:: REQUIREMENT ::
Give the data again exactly, without images.
SOURCE MATERIAL Start Marker
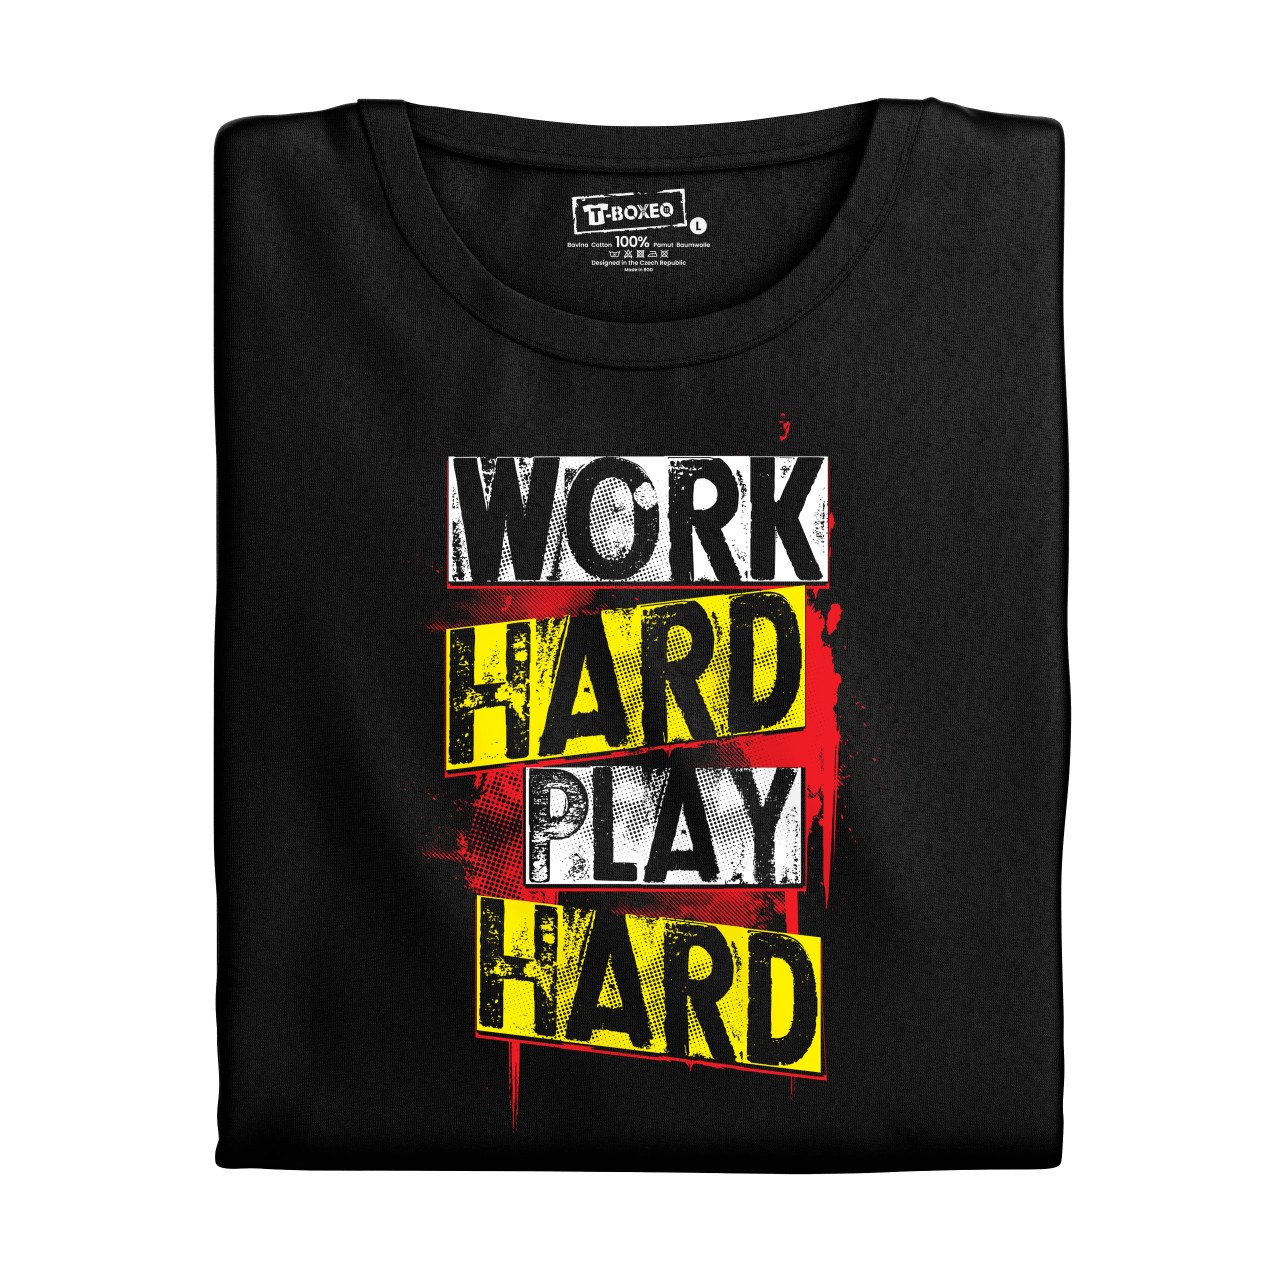 Pánské tričko s potiskem “Work Hard, Play Hard”
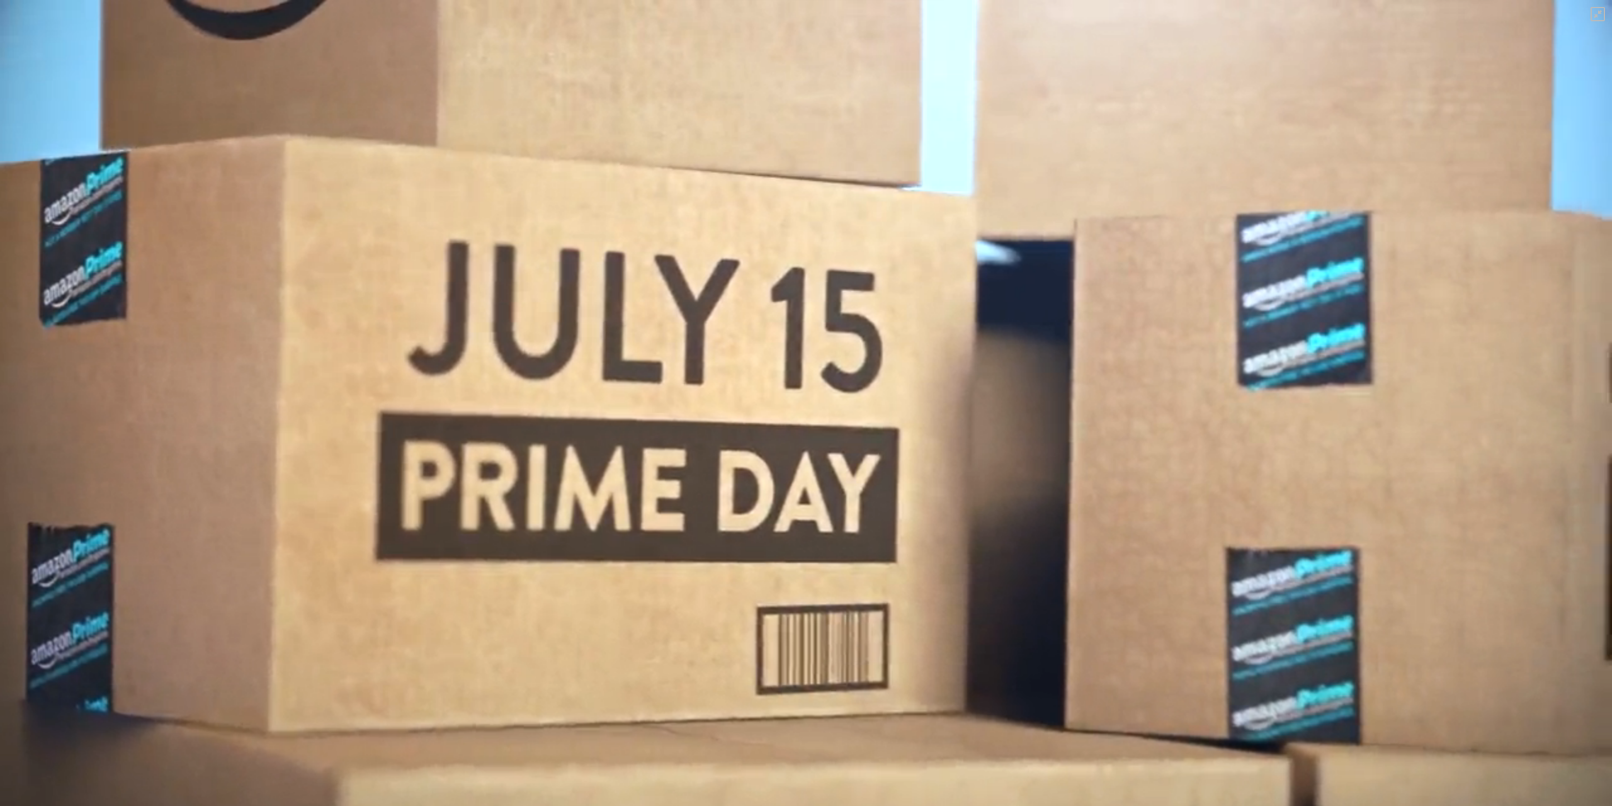 PrimeDay_Amazon
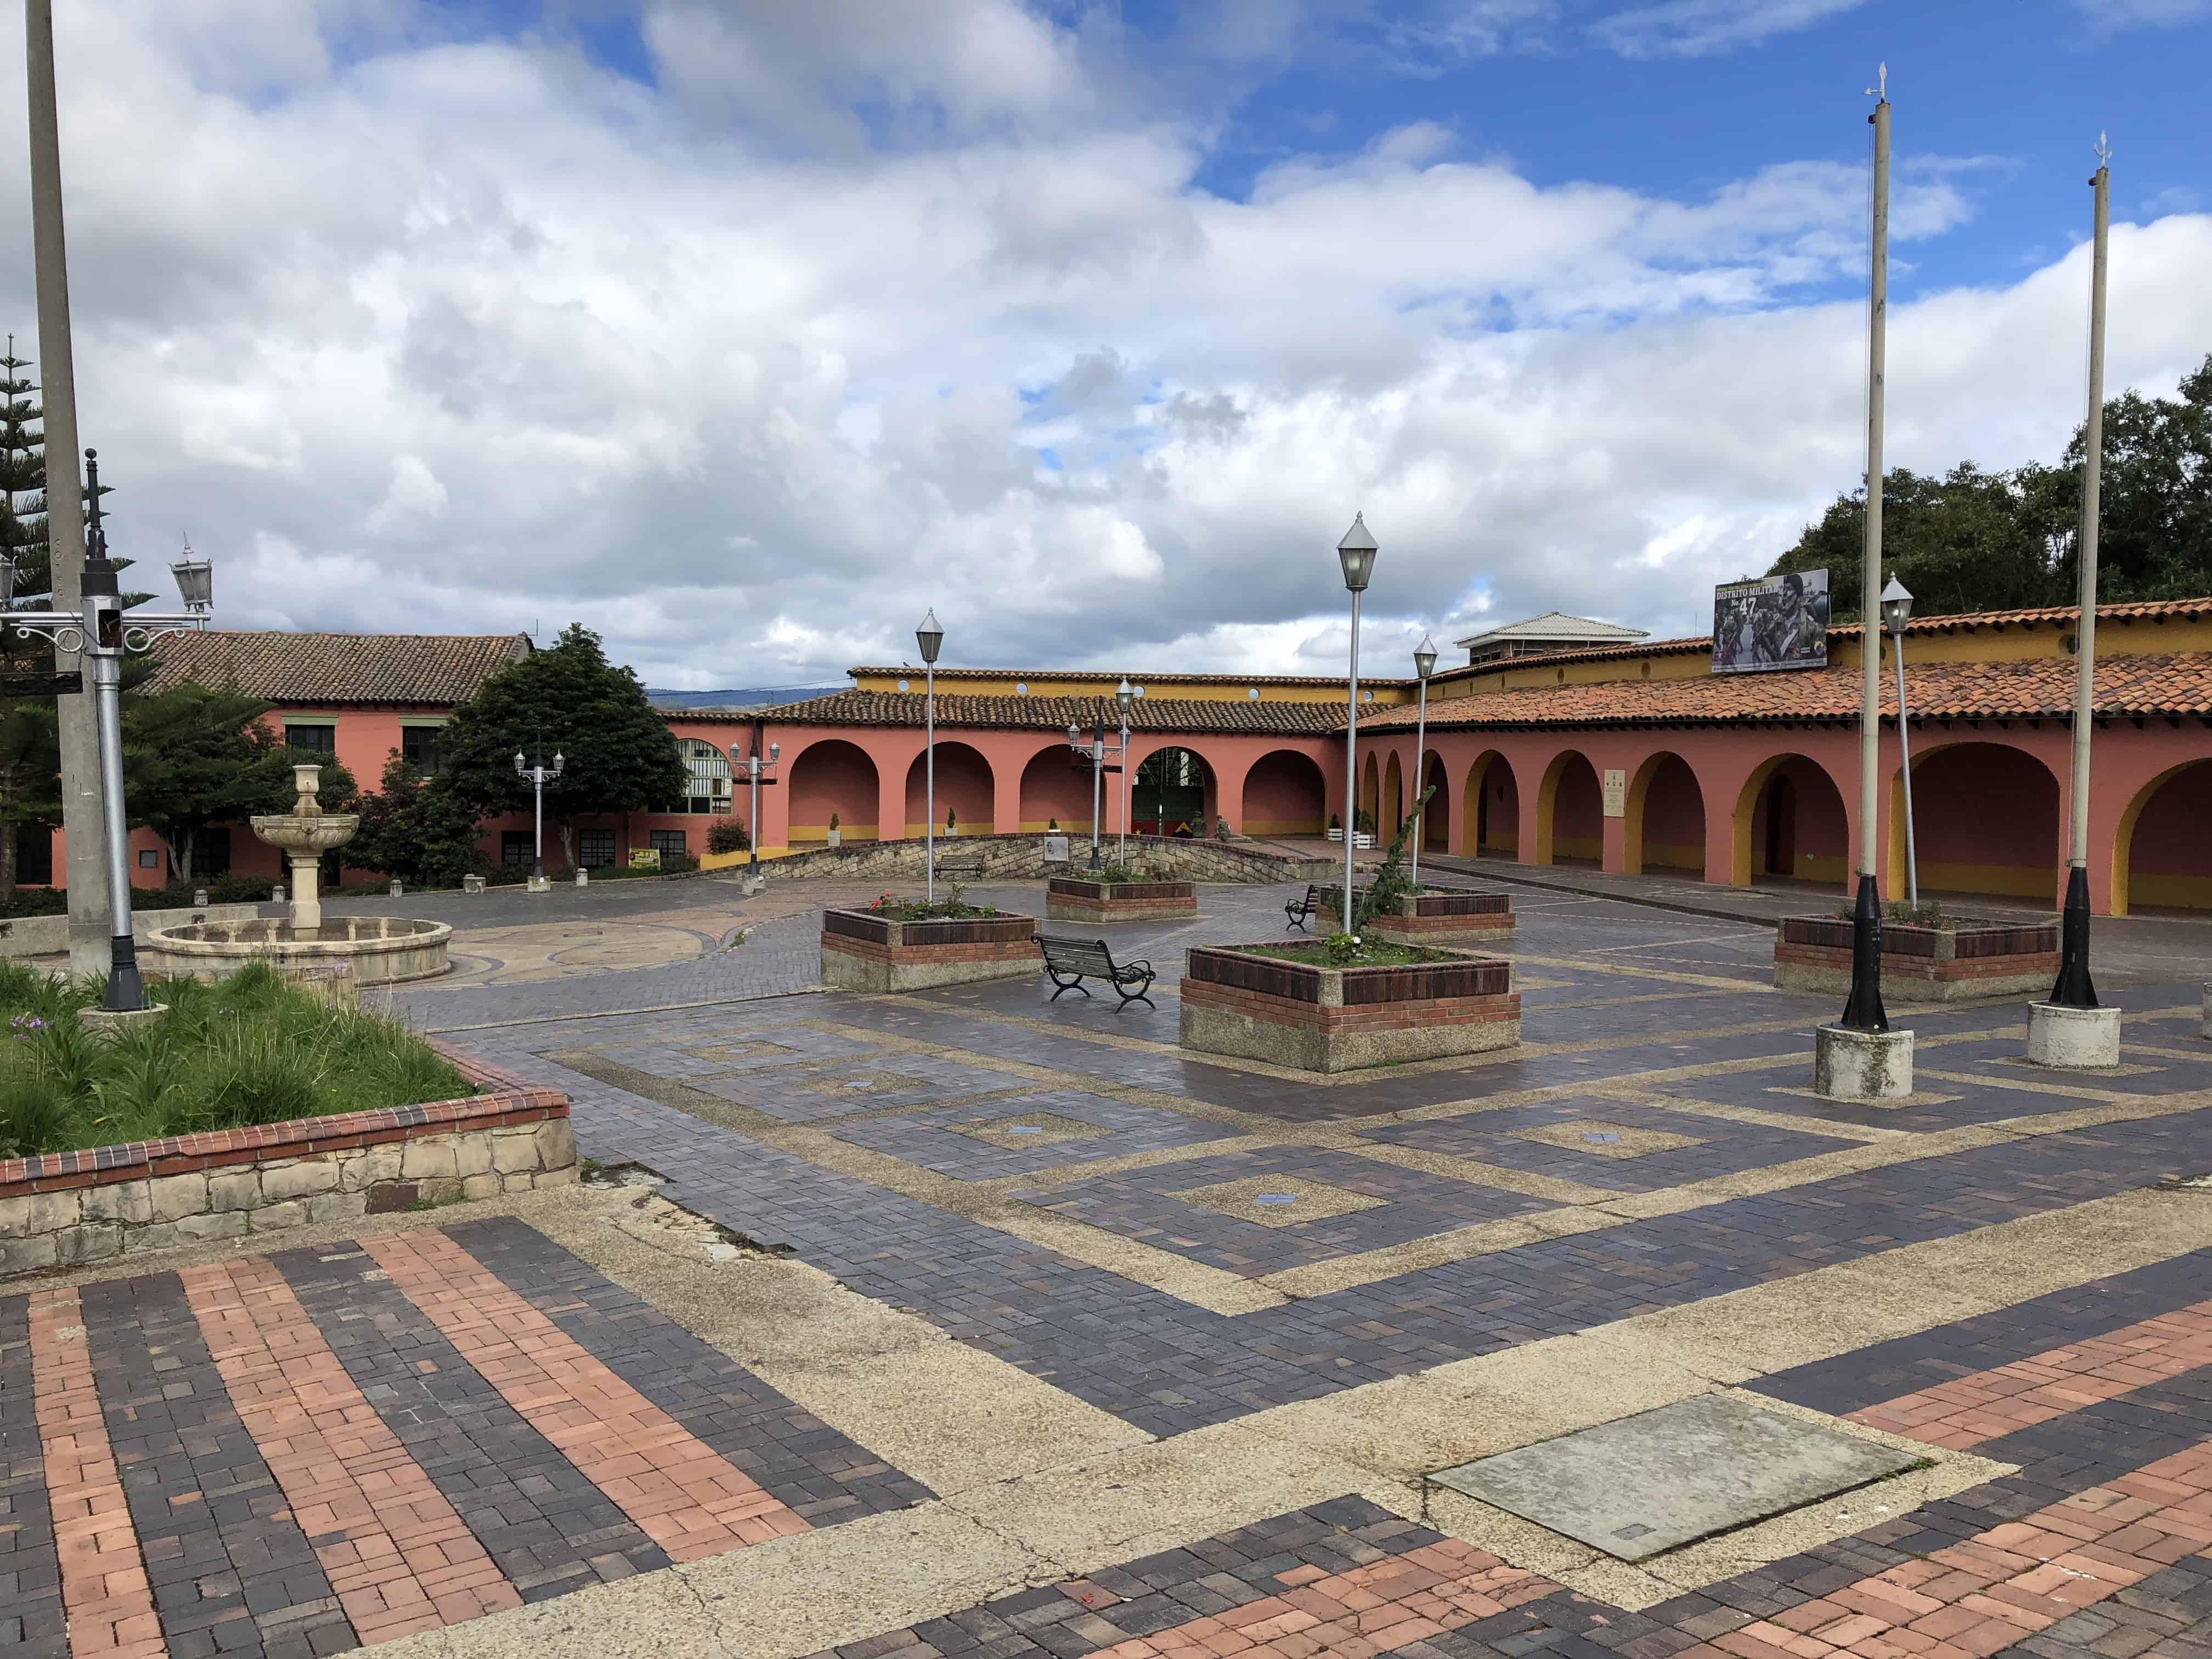 Parque Villaveces in Zipaquirá, Cundinamarca, Colombia
SOURCE MATERIAL End Marker
:: SOLUTION TO THE EXERCISE ::
 Pánské tričko s potiskem “Work Hard, Play Hard”
 PrimeDay_Amazon
 Parque Villaveces in Zipaquirá, Cundinamarca, Colombia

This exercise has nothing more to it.